15. But in our opinion this appeal can be disposed of on a short ground. From the records it appears that Kutty and Rao, Ltd., took over the entire assets and liabilities of Sayanas, Ltd., by the transactions referred to earlier on in this judgment. It was because of this fact that though it was only Kutty and Rao, Ltd., which went into liquidation the creditors of Sayanas, Ltd., were also permitted to file their claims before the Official Liquidator. In paragraph 5 of the affidavit filed on behalf of the appellant it is stated that in the winding up proceedings the creditors of Sayanas, Ltd., had also been directed to file their claims relating to the respective amounts due to them. The Judgment of Balakrishna Iyer, J., dated nth March, 1957, in Application No. 2799 of 1956 is based on this assumption. He inter alia stated:

As I read the documents, there has been a transfer of the entirety of the assets and liabilities of Sayanas, Ltd., to Kutty and Rao (Engineers), Ltd.

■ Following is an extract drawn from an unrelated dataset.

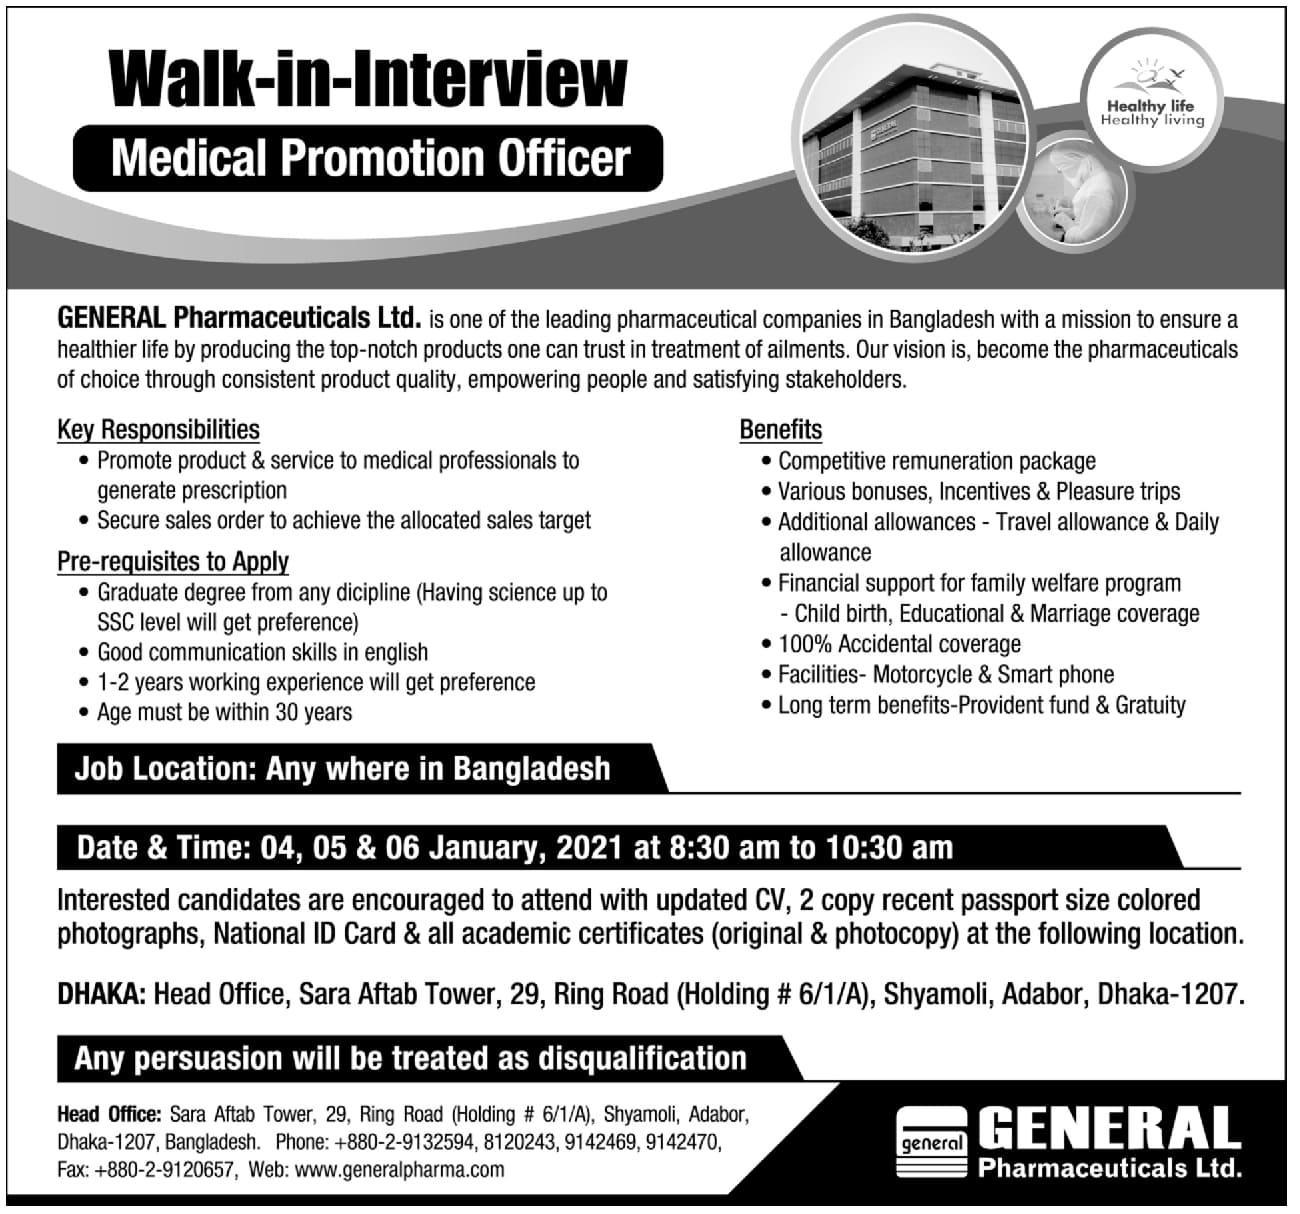 General Pharmaceuticals Ltd Job Circular 2021
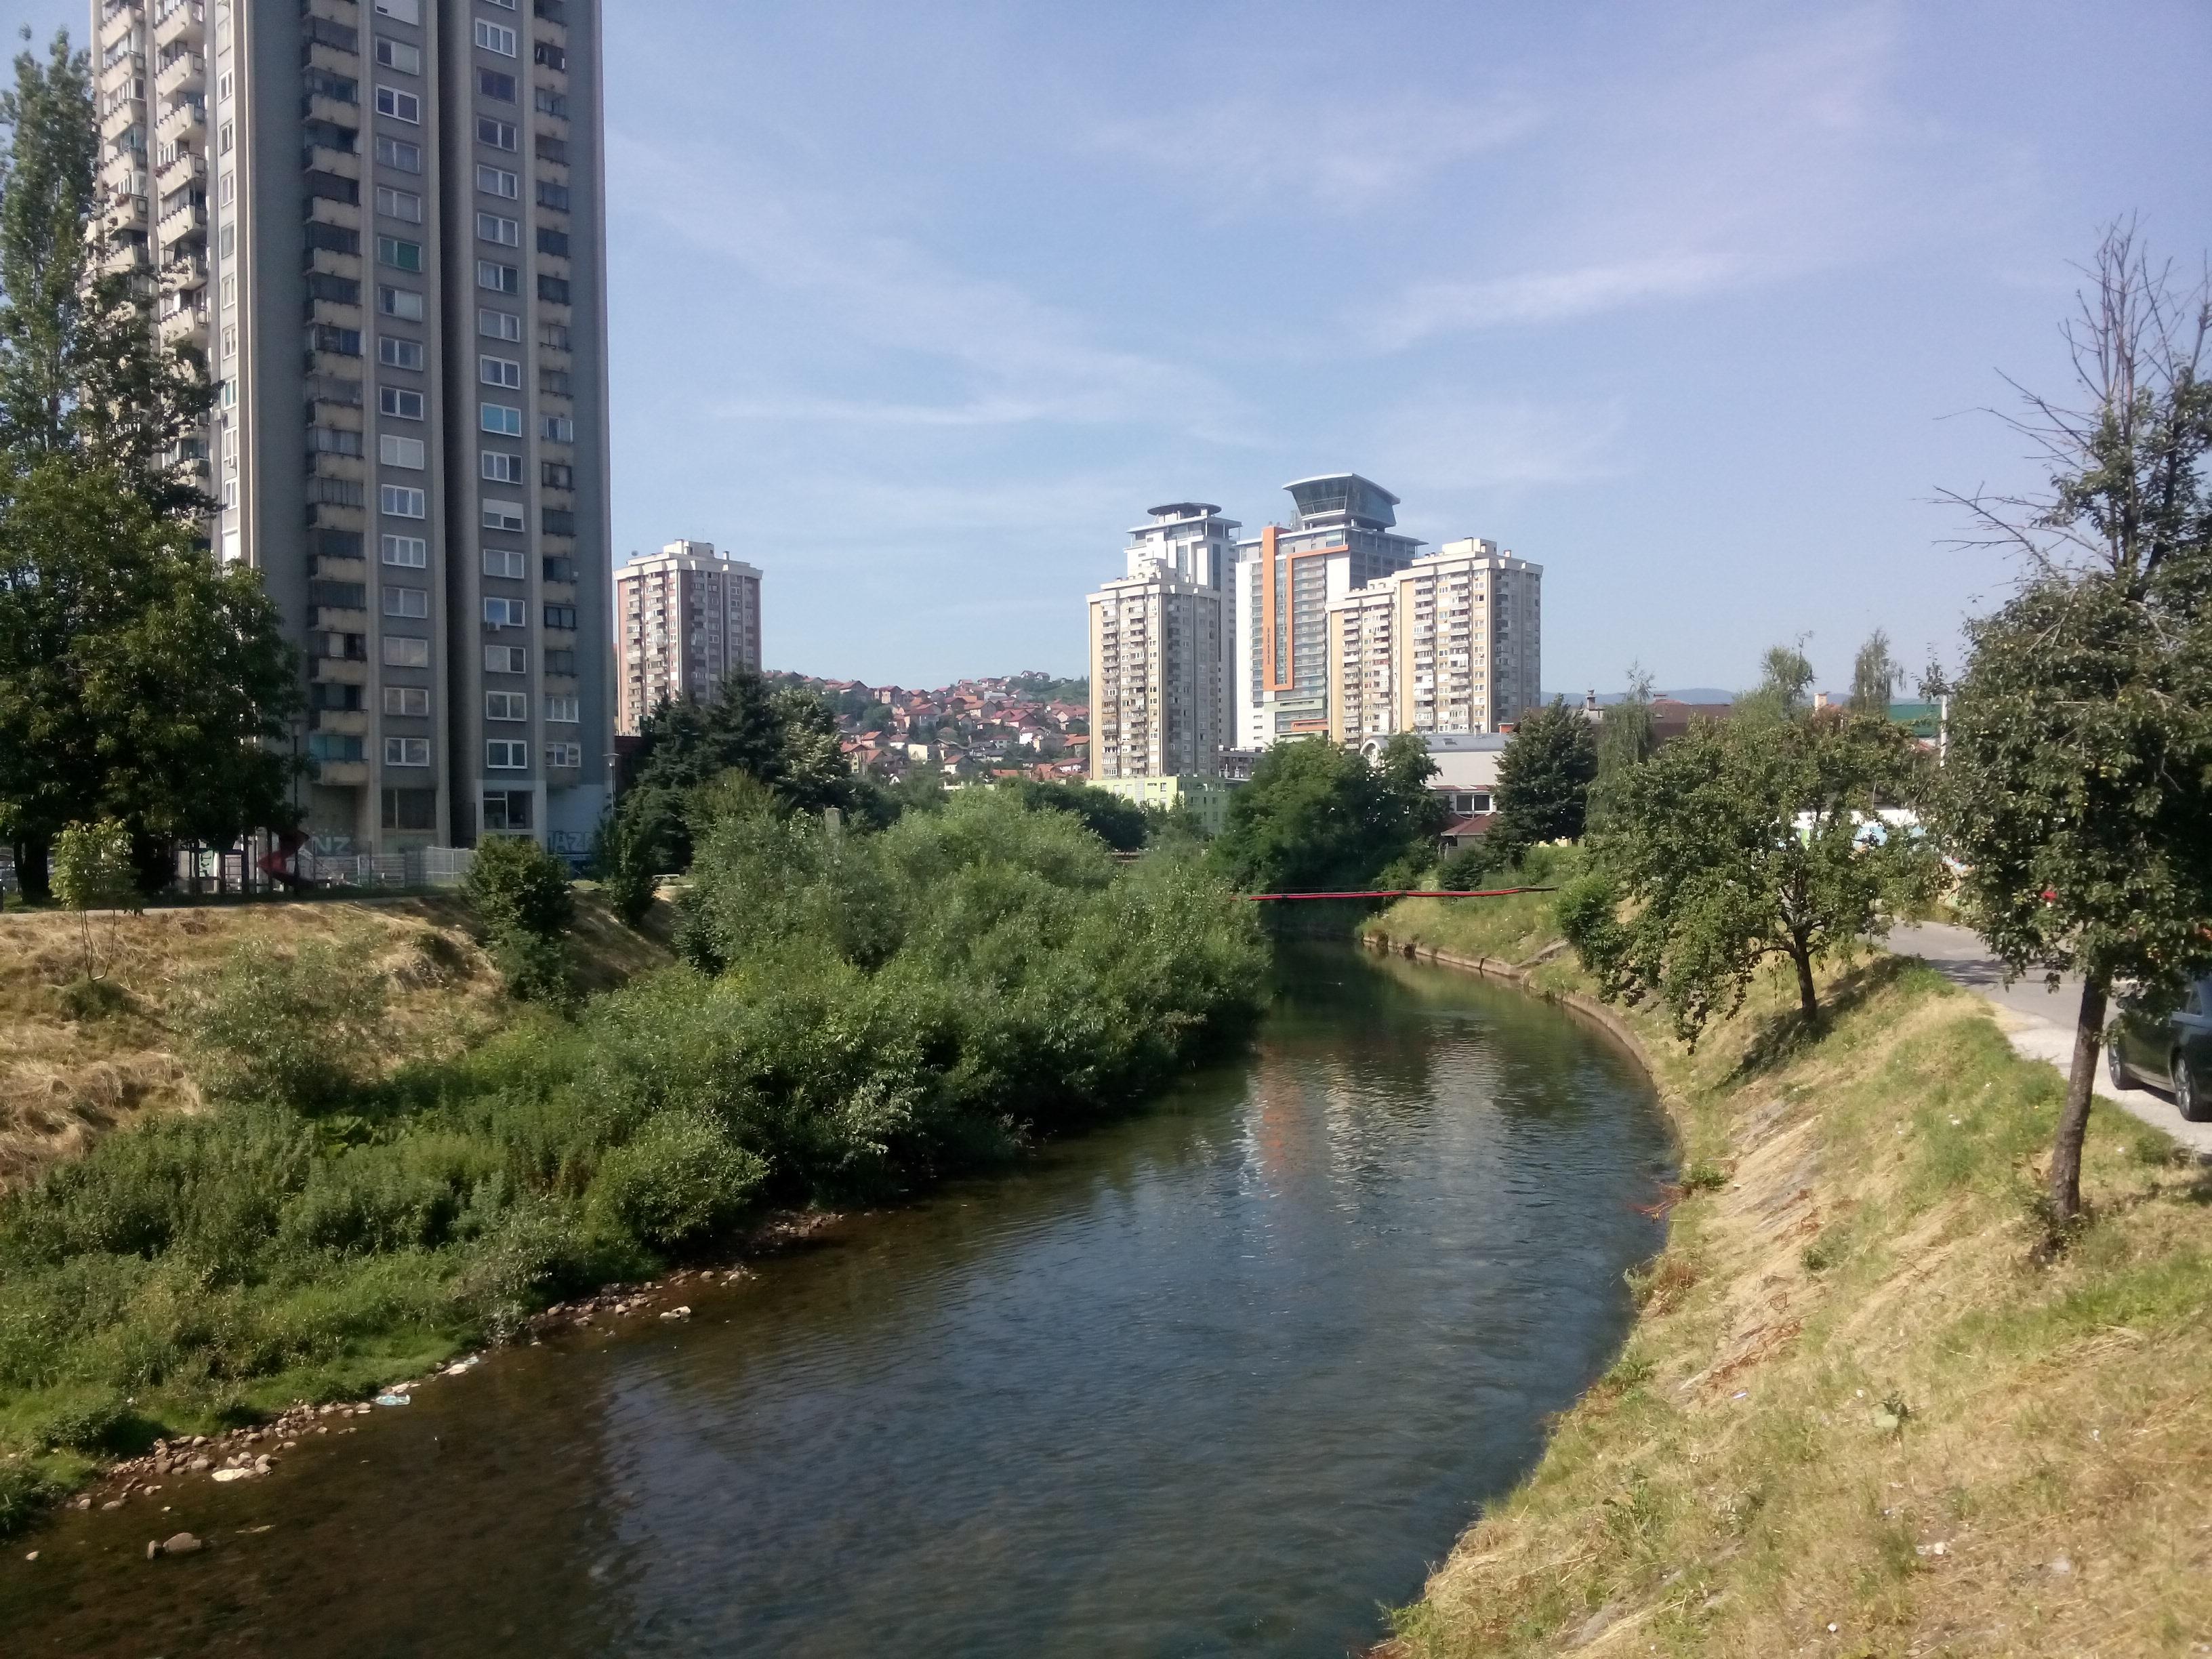 https://i.amy.gy/2017-sarajevo/IMG_20170625_093441.jpg

The learned Judge, therefore, held that the Official Liquidator would be entitled to collect all the moneys due and payable to Sayanas, Ltd. It follows that on and after the date of such transfer the appellant must be deemed to be a creditor of Kutty and Rao, Ltd., and Kutty and Rao, Ltd., is in liquidation. The appellant, cannot, therefore, rely on his unregistered charge as against the other creditors of Kutty and Rao, Ltd., who would include also the other creditors of Sayanas, Ltd. This flows from the provisions of Section 125(1) read without giving any extended definition to the word ' created '. It follows that the claim of the appellant to be recognised as a secured creditor was rightly rejected by the Official Liquidator and by the learned Judge.

16. The appeal fails and is dismissed but in the circumstances, there will be no order as to costs.